CSV and TSV Files: Folders as Tables
For CSV and TSV files, each folder becomes a table. All files within a folder are treated as containing rows for the same table. This means:
- CSV/TSV files in a folder can have slightly different columns; Supaflow unions discovered columns and fills missing values with
null - Rows from all files in the folder are combined into one table
- The table name is derived from the folder name (normalized to lowercase with underscores)
Google Drive Folder (configured)
├── customers/ --> Table: "customers"
│ ├── customers_jan.csv (rows from this file)
│ ├── customers_feb.csv (rows from this file)
│ └── customers_mar.csv (rows from this file)
├── orders/ --> Table: "orders"
│ ├── orders_2024.csv (rows from this file)
│ └── orders_2025.csv (rows from this file)
└── products.csv --> Table: "<root_folder_name>"
(files in root become a table
named after the root folder)
Key points:
- Supaflow scans the configured folder and its immediate child folders (one level deep)
- Files directly in the root folder are grouped into a single table named after the root folder
- Each child folder with matching files becomes a separate table
- During schema discovery, Supaflow samples up to Schema Sample Size files to infer column names and data types. Columns are unioned across sampled files, so files with slightly different columns are supported (missing columns become
null).
Excel and Google Sheets: Worksheets as Tables
For Excel (.xlsx) and Google Sheets files, each worksheet (tab) becomes a table. The table name is derived from both the file name and the worksheet name:
Table name = <file_name>_<worksheet_name>
Both components are normalized (lowercase, spaces replaced with underscores, special characters removed).

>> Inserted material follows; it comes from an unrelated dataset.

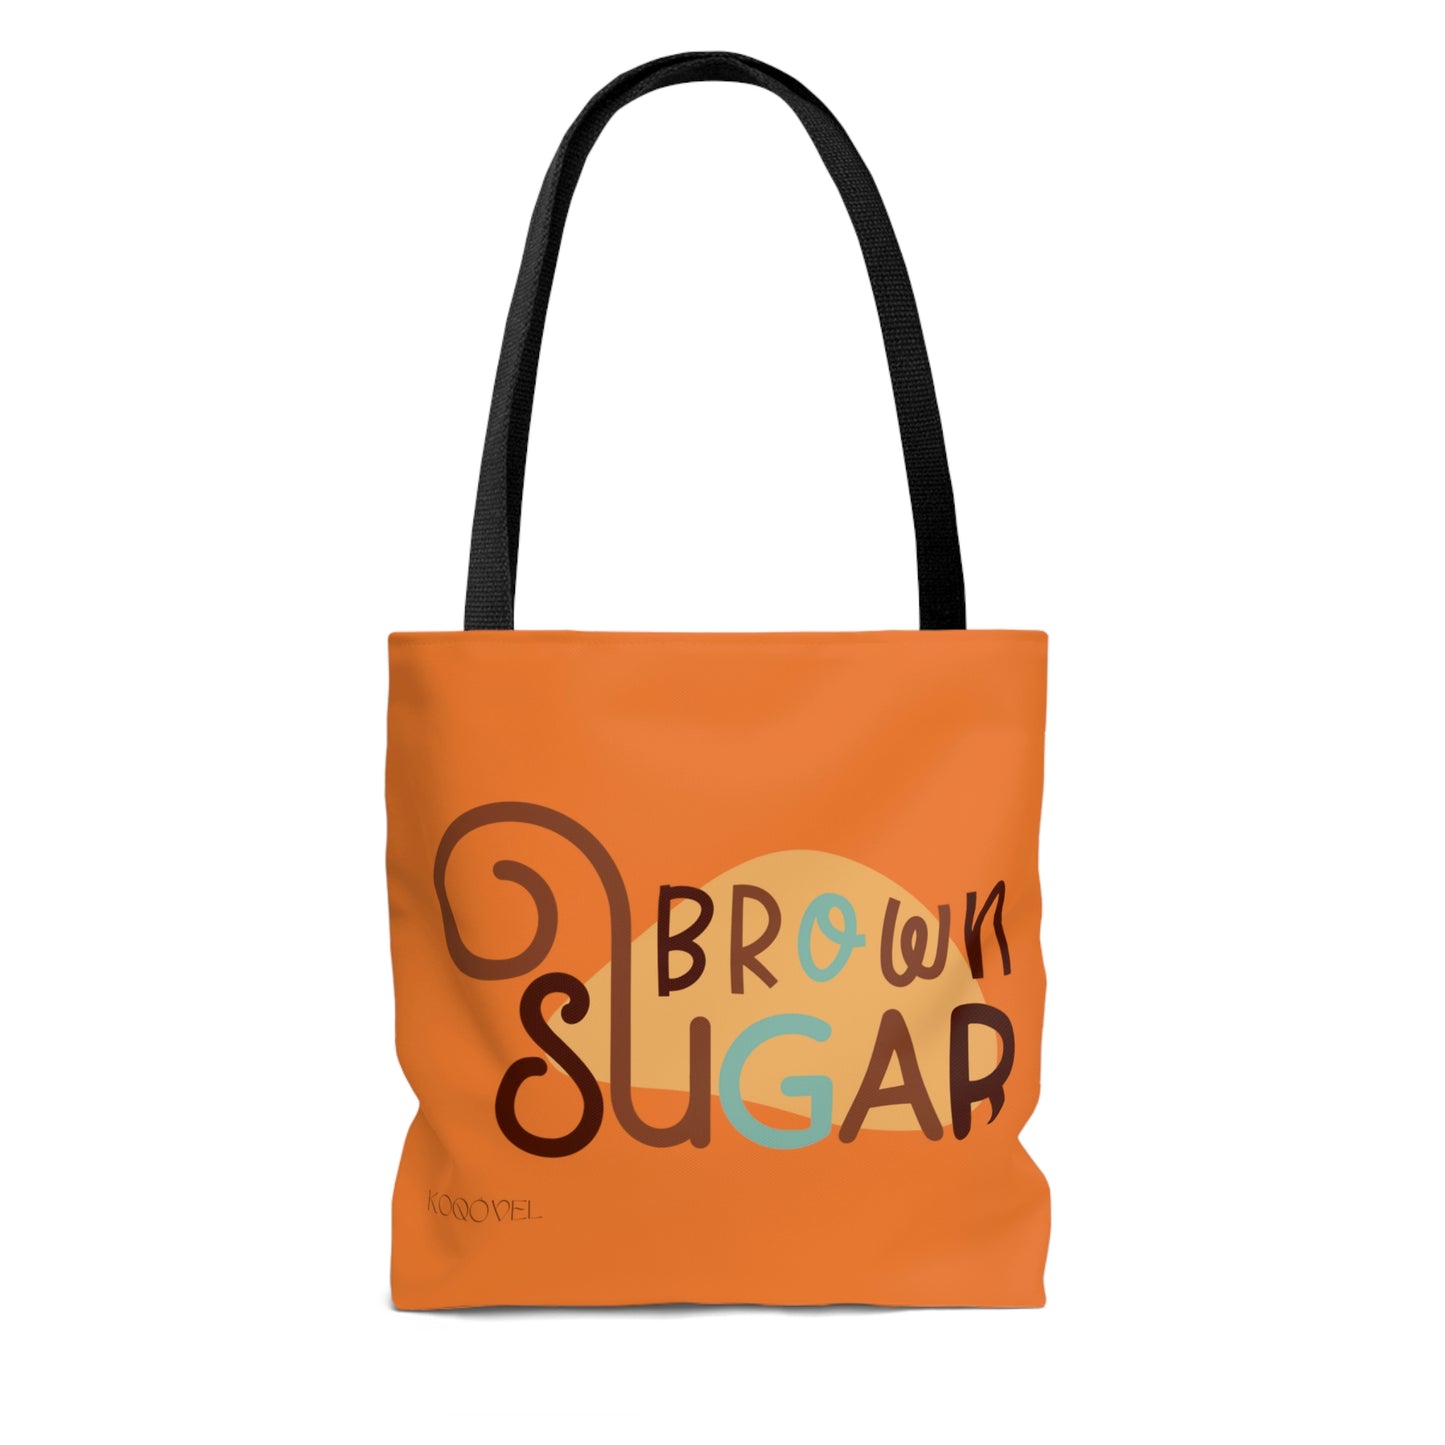 "Brown Sugar" Tote Bag

Google Drive Folder (configured)
├── Q1 Report.xlsx
│ ├── Revenue --> Table: "q1_report_revenue"
│ └── Expenses --> Table: "q1_report_expenses"
├── subfolder/
│ └── Inventory.xlsx
│ └── Sheet1 --> Table: "inventory_sheet1"
└── Sales Pipeline (Google Sheets file)
├── Deals --> Table: "sales_pipeline_deals"

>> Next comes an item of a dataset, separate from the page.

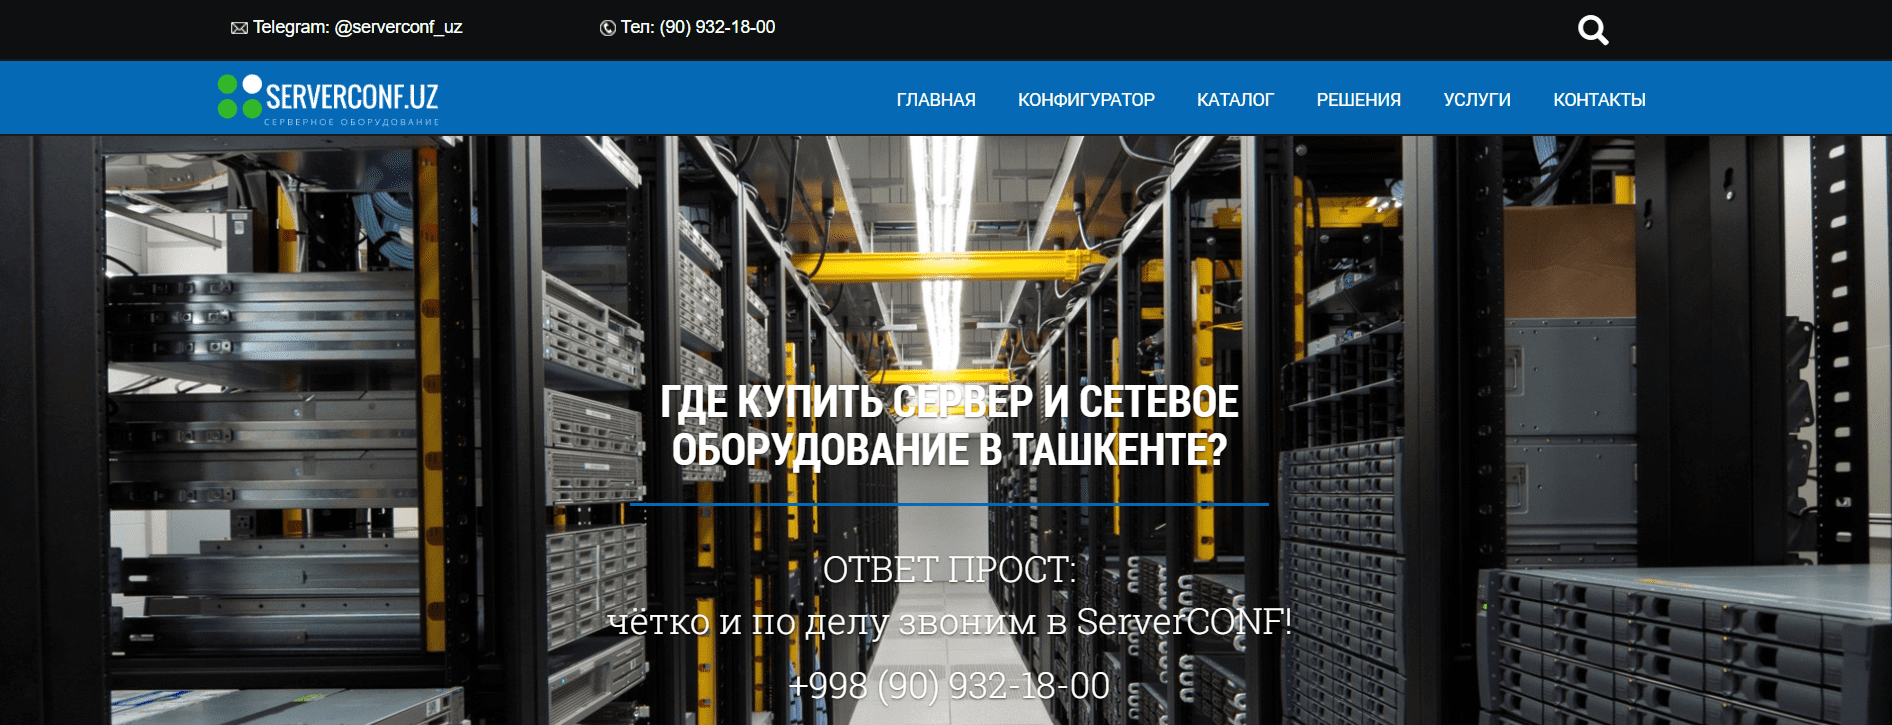 Serverconf.uz - официальный сайт

└── Leads --> Table: "sales_pipeline_leads"
Key points:
- Supaflow searches the configured folder and all subfolders recursively for Excel and Google Sheets files
- Each non-empty worksheet with at least a header row and one data row becomes a table
- The first row of each worksheet is treated as the header row
- Empty worksheets are automatically skipped
- Excel files larger than 50 MB are skipped with a warning
- Google Sheets files are exported to xlsx format for processing; files exceeding Google's export limit (~10 MB) are skipped with a warning
Table Name Normalization
All table names are normalized for compatibility with destination systems:
- Converted to lowercase
- Spaces and special characters replaced with underscores
- Multiple consecutive underscores collapsed to one
- Leading digits prefixed with underscore
Examples:
| Source Name | Normalized Table Name |
|---|---|
Customer Data (folder) | customer_data |
Q1 Report.xlsx / Revenue (worksheet) | q1_report_revenue |
2024 Sales (folder) | _2024_sales |
System Fields
Every table includes two system fields added automatically by the connector:
| Field | Type | Description |
|---|---|---|
_supa_file_name | string | The original file name from Google Drive |
_supa_file_id | string | The unique Google Drive file ID |
These fields allow you to trace every row back to its source file in your destination.
Google Cloud Setup
If you use OAuth authentication, you can skip this entire section. Just click Authorize in the source configuration and sign in with your Google account. The steps below are only needed for Service Account authentication.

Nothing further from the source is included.